Cannot run ferret or python wrapper.

Running from: https://github.com/petermr/openVirus/tree/ferret/ferret

environment

pm286macbook:ferret pm286$ git branch
* ferret
  master
pm286macbook:ferret pm286$ pwd
/Users/pm286/projects/openVirus/ferret
pm286macbook:ferret pm286$ ls
README.md           get_data_biorxiv.fql        medrxiv_search_download.fql scrape.py           search_biorxiv.py
ferret.log          get_data_springer.fql       redalyc.fql         search.fql          search_download_medrxiv.py
pm286macbook:ferret pm286$ python --version
Python 2.7.16

python wrapper

pm286macbook:ferret pm286$ python search_download_medrxiv.py "n95 masks" testn95
Running file medrxiv_search_download.fql downloading files to testn95
Traceback (most recent call last):
  File "search_download_medrxiv.py", line 33, in <module>
    subprocess.check_output(cmd, shell=True)
  File "/System/Library/Frameworks/Python.framework/Versions/2.7/lib/python2.7/subprocess.py", line 223, in check_output
    raise CalledProcessError(retcode, cmd, output=output)
subprocess.CalledProcessError: Command 'ferret --param=url:\"https://www.medrxiv.org/search/n95%20masks\"  --param=dir:\"testn95\" medrxiv_search_download.fql' returned non-zero exit status 1

running raw ferret

pm286macbook:ferret pm286$ ferret --param=url:"https://www.medrxiv.org/search/n95%252Bmasks" --param=dir:"n95" medrxiv_search_download.fql
https://www.medrxiv.org/search/n95%252Bmasks
invalid character 'h' looking for beginning of value
pm286macbook:ferret pm286$ 
3timeslazy commented 4 years ago

@petermr this should work

ferret --param=url:"\"https://www.medrxiv.org/search/n95%252Bmasks\"" --param=dir:"\"n95\"" medrixv_search_download.fql

I wrapped https://www.medrxiv.org/search/n95%252Bmasks and n95 in quotation marks. Ferret takes parameters without quotes as a numbers.

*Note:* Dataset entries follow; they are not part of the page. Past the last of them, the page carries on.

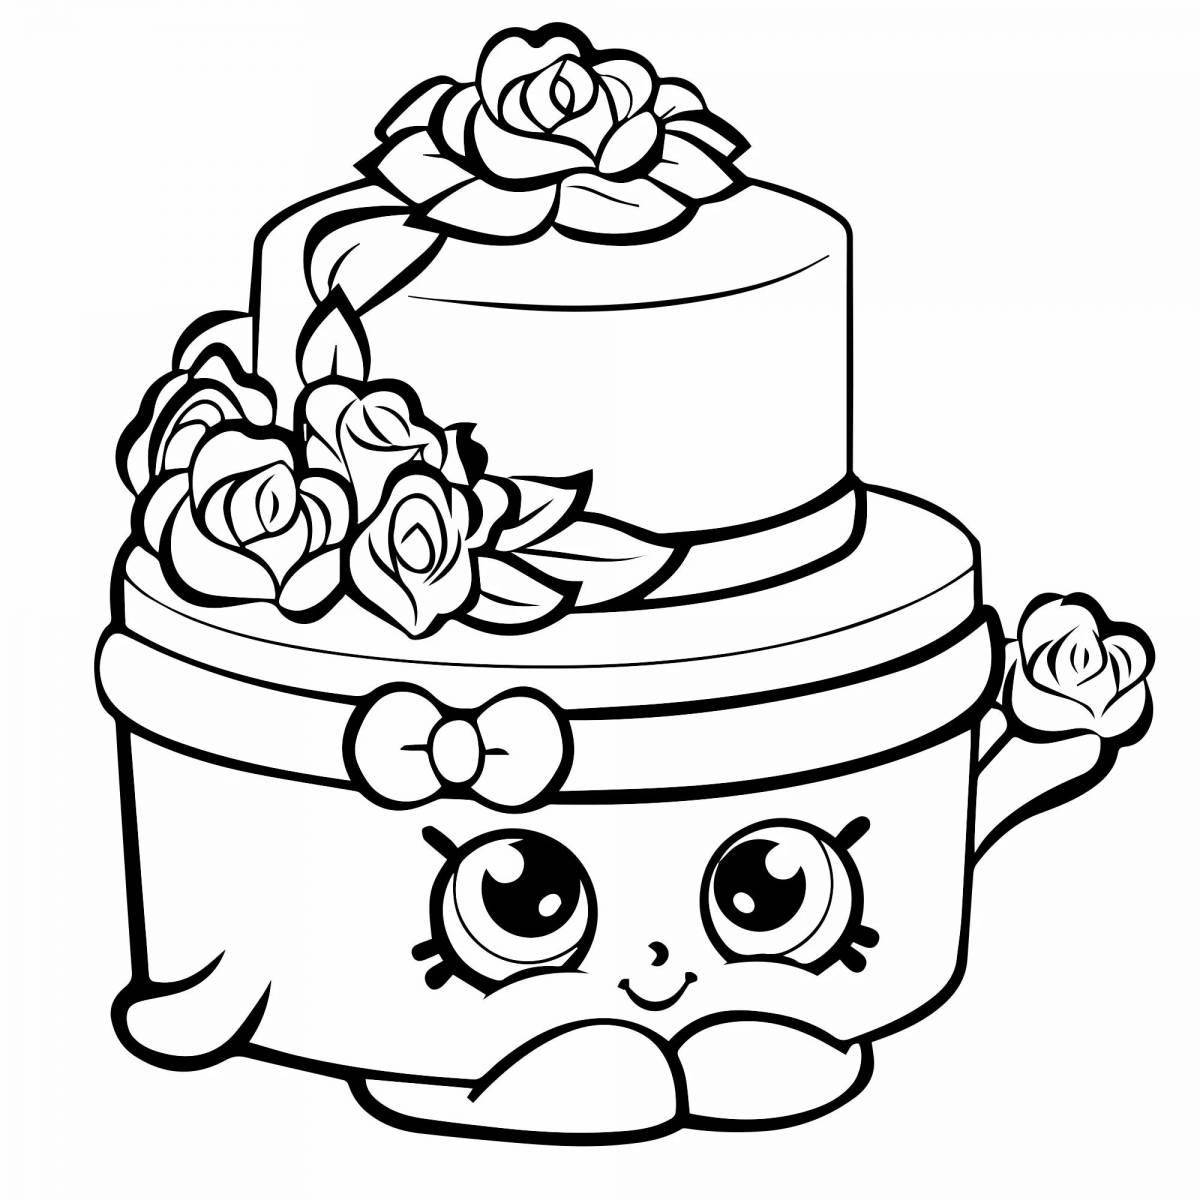 Tempting Cake Coloring Pages for Girls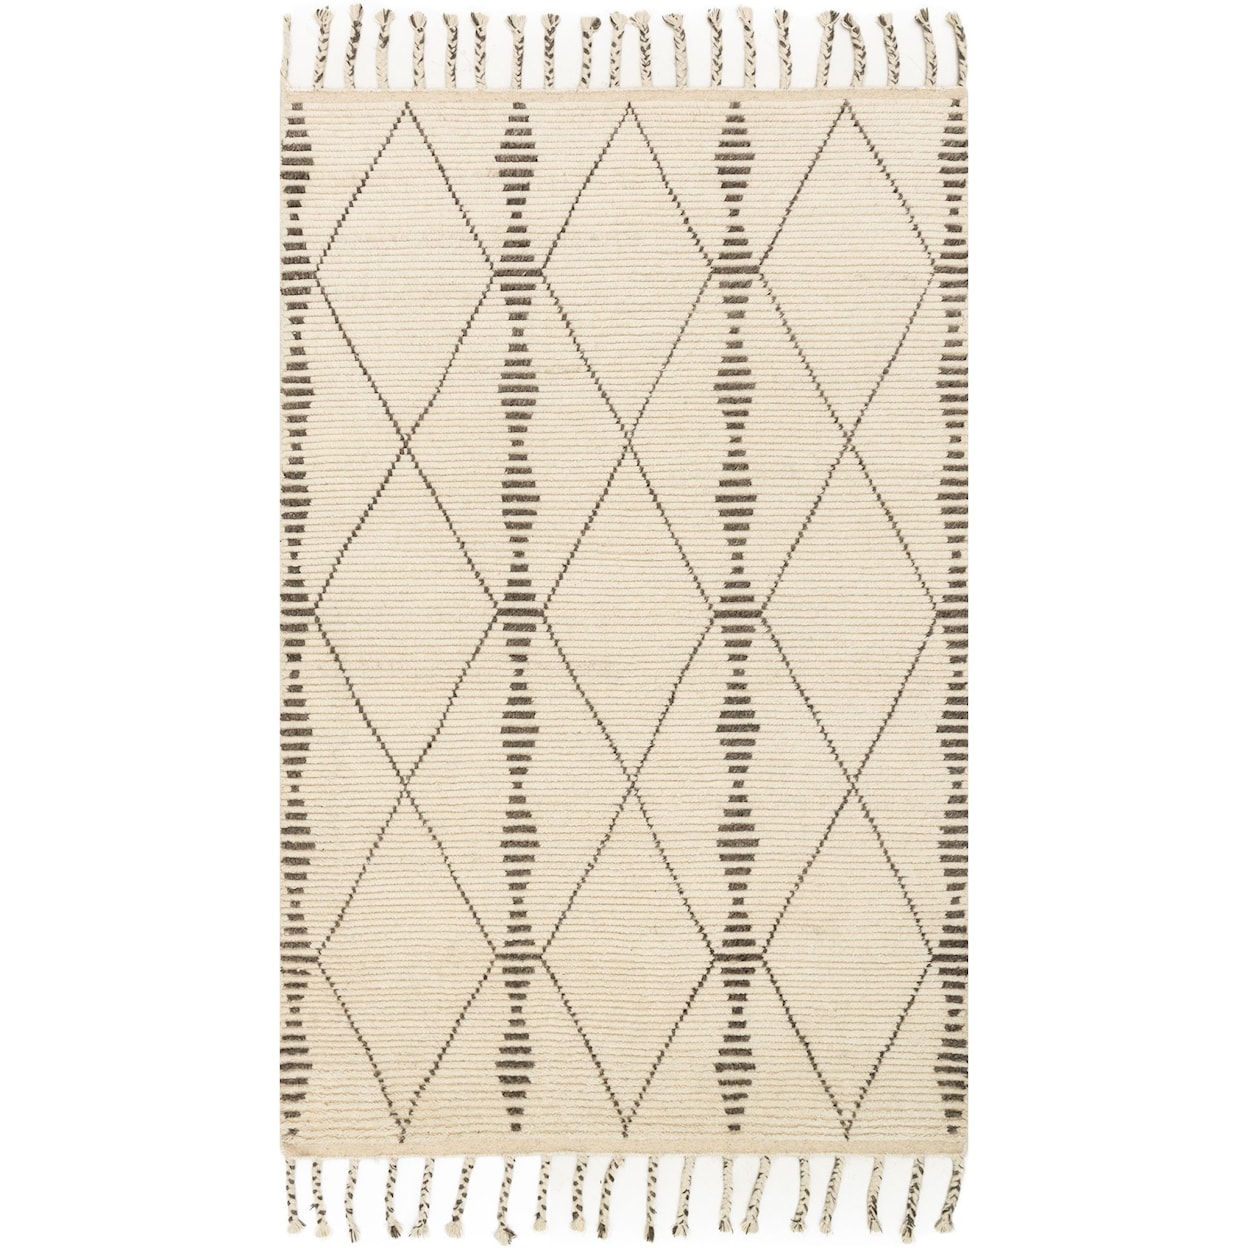 Magnolia Home by Joanna Gaines for Loloi Tulum 2' 0" x 3' 0" Rectangle Rug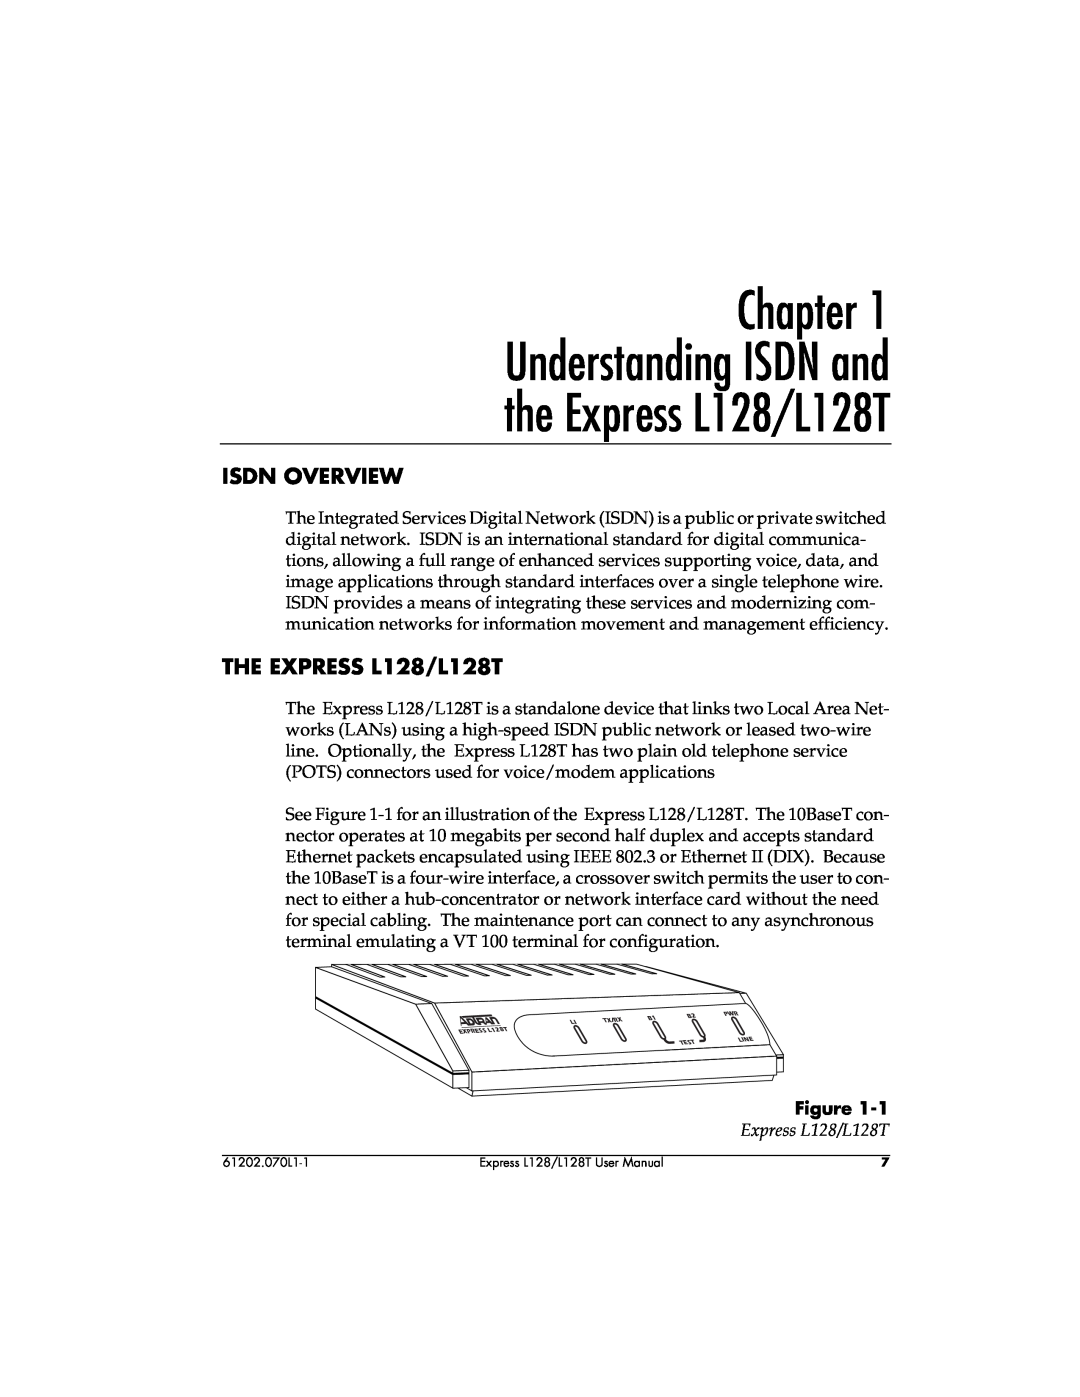 ADTRAN user manual Chapter Understanding ISDN and the Express L128/L128T, Isdn Overview, THE EXPRESS L128/L128T 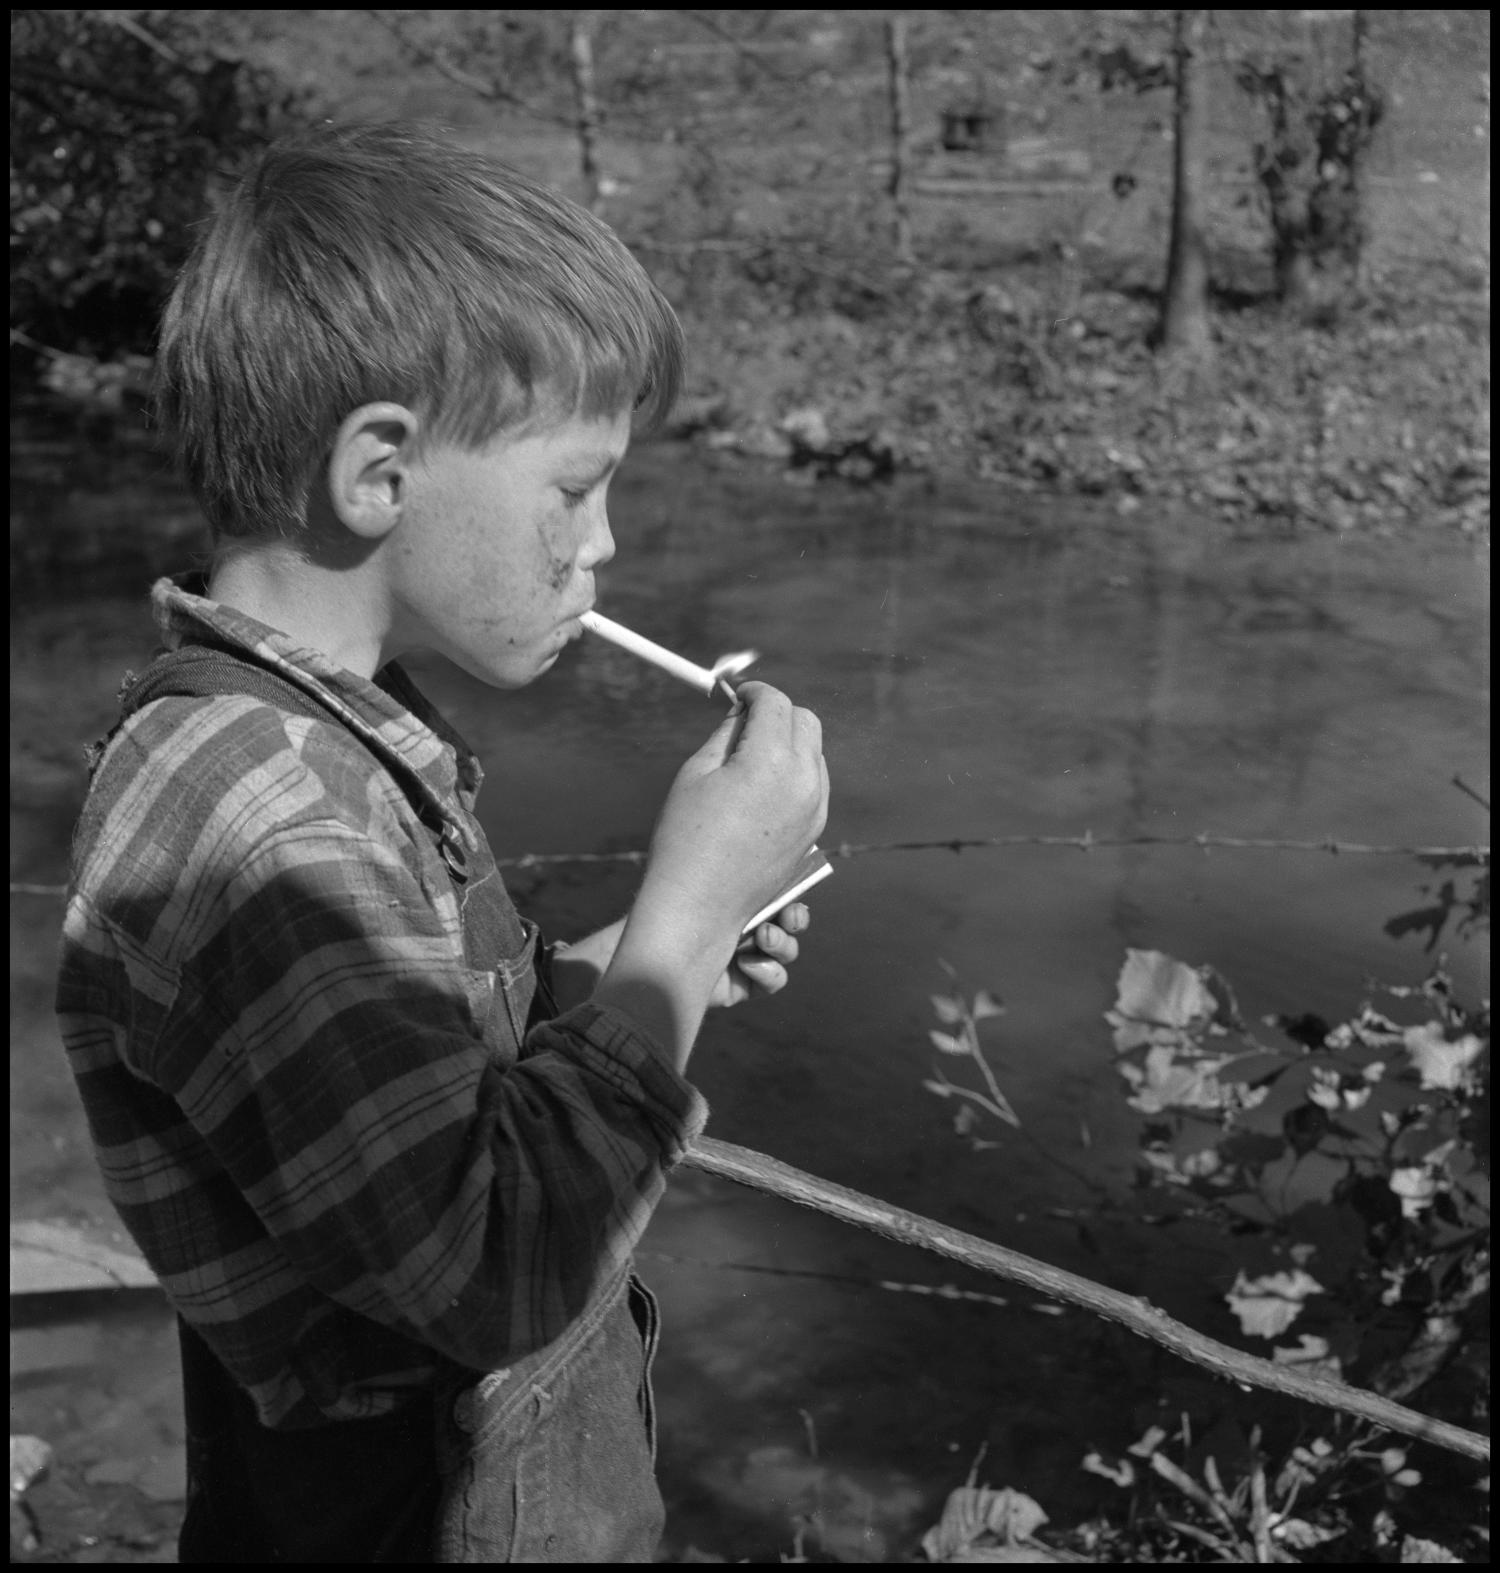 [Smoking boy], Photograph of a young boy lighting a cigarette. In the image, the unidentified boy, wearing overalls, is lighting his cigarette next to a stream separated by barbed wire., 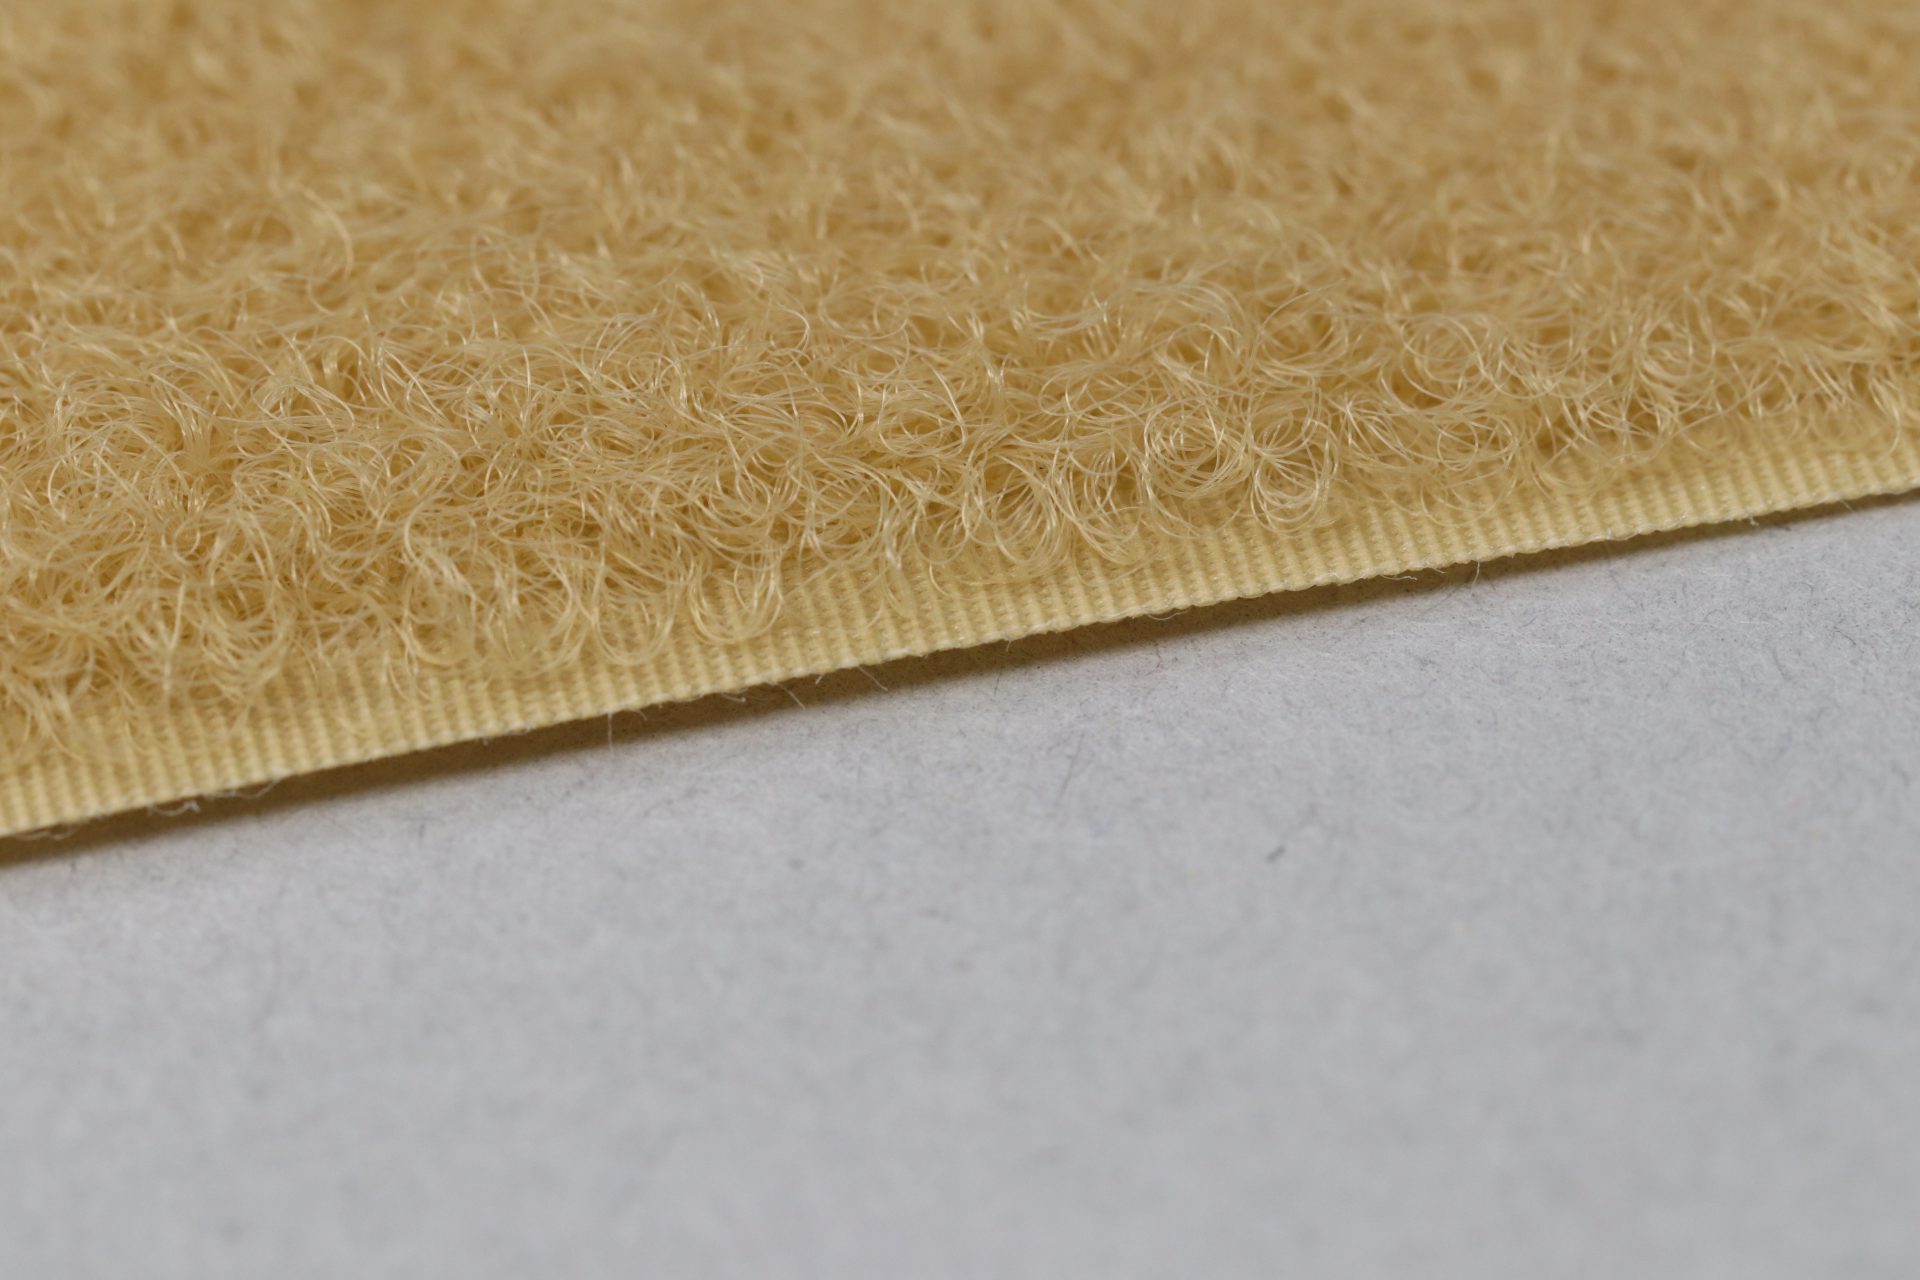 VELCRO(R) Brand STICKY BACK For Fabric Tape .75x24-Beige

petermr commented 4 years ago

Thanks where is main.go?

On Tue, May 12, 2020 at 3:26 PM Vladimir Fetisov notifications@github.com wrote:

@petermr https://github.com/petermr this should work

go run main.go --param=url:"\"https://www.medrxiv.org/search/n95%252Bmasks\"" --param=dir:"\"n95\"" medrixv_search_download.fql

— You are receiving this because you were mentioned. Reply to this email directly, view it on GitHub https://github.com/petermr/openVirus/issues/51#issuecomment-627379652, or unsubscribe https://github.com/notifications/unsubscribe-auth/AAFTCS5EKATXKKVHFHZCIH3RRFMB3ANCNFSM4MYD5PWQ .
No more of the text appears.